LUNAR TRANSIENT PHENOMENA (LTP)
by Winifred Sawtell Cameron,
La Ranchita de la Luna,
200 Rojo Drive,
Sedona, Arizona

On January 24, 1956 amateur lunar observer R. Houghton was
drawing the crater Liebig on the edge of Mare Humorum when
something bright flashed in the field of his 7-inch telescope.
The flare came from the nearby crater Cavendish, which was just
emerging from the lunar night. Closer inspection revealed that a
peak on the crater's eastern wall was repeatedly flashing.

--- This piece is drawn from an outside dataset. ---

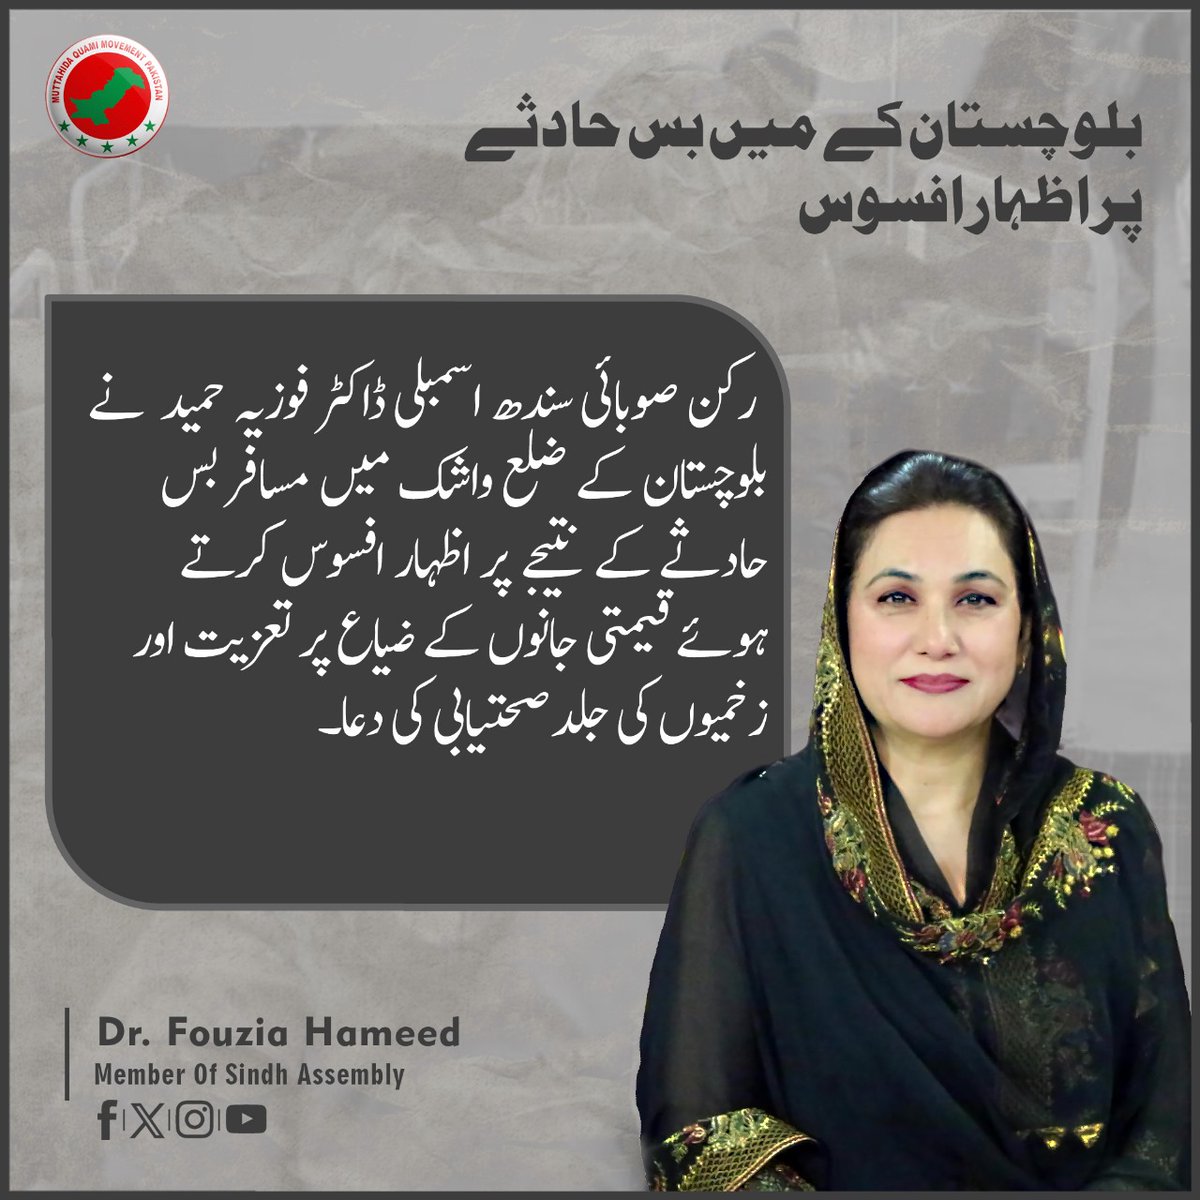 رکن صوبائی سندھ اسمبلی ڈاکٹر فوزیہ حمید نے بلوچستان کے ضلع واشک میں مسافر بسحادثے کے نتیجے پر اظہار افسوس کرتے ہوئے قیمتی جانوں کے ضیاع پر تعزیت اور زخمیوں کی جلد صحتیابی کی دعا.!!
#FouziaHameed #PS110 #MQMPakistan

Houghton called astronomer Brian Warner and told him what to
look for. Warner too saw the flashes and called them "so
conspicuous that they were seen immediately." The other peaks in
the vicinity remained normal.

On the night of November 2-3, 1958, Soviet astronomer
Nikolai A. Kozyrev witnessed a strange phenomenon while making
spectrograms of the crater Alphonsus with the Crimean

Page 1



Astrophysical Observatory's 50-inch reflector. As he watched
through the telescope's guiding eyepiece, he saw the crater's
central peak blur and turn an unusual reddish color. The
spectrograms confirmed his visual impressions of a volcanic
event; they showed an emission spectrum of carbon vapor (S&T:
February, 1959, page 184).

On July 19, 1969, the Apollo 11 command module had just
achieved orbit around the Moon when the Mission Control Center in
Houston, Texas, received word that amateur astronomers reported
transient phenomena in the vicinity of the crater Aristarchus.
Asked to check out the situation, astronaut Neil Armstrong looked
out his window toward the earthlit region and observed an "area
that is considerably more illuminated than the surrounding area.
It just has -- seems to have a slight amount of fluorescence to
it." Although he wasn't sure, Armstrong believed the region was
Aristarchus.

Accounts of lunar transient phenomena (LTP'S) are not new.
Over the past 30 years, I have collected close to 2,000
observations dating from as far back as 557 A.D. Most are visual
reports of bright spots, flashes, hazes, and curious temporary
colorations of the lunar soil. Reputable observers such as
William Herschel, Wilhelm Struve, and E. E. Barnard have seen
them. Some LTP's have even been photographed, as well as recorded
polarimetrically, photometrically, and spectroscopically. Yet,
despite a profusion of observations and six Apollo missions to
the Moon, the nature of LTP's remains elusive and their origin an
enigma.

About 200 of some 30,000 lunar features visible in
telescopes have been recorded as LTP sources. Half have shown
activity only once. Of the remainder, a mere dozen features
contribute three-fourths of all reports. One area, Aristarchus-
Herodotus-Schroters Valley, is responsible for fully one-third of
the total number sighted.

Most LTP activity occurs along the edges of the maria, near
volcanic features, like domes, sinuous rilles, and craters with
dark halos or floors. But these regions, like the rest of the
Moon, have long been considered geologically dead. Circular maria
are large, primordial impact basins that were filled with lava
about 3 billion years ago. There is evidence, however, that
volcanism has occurred in some craters that are perhaps only a
million years old. Could the bright flashes, hazes, and colors
reported at these sites be proof that the Moon is still active?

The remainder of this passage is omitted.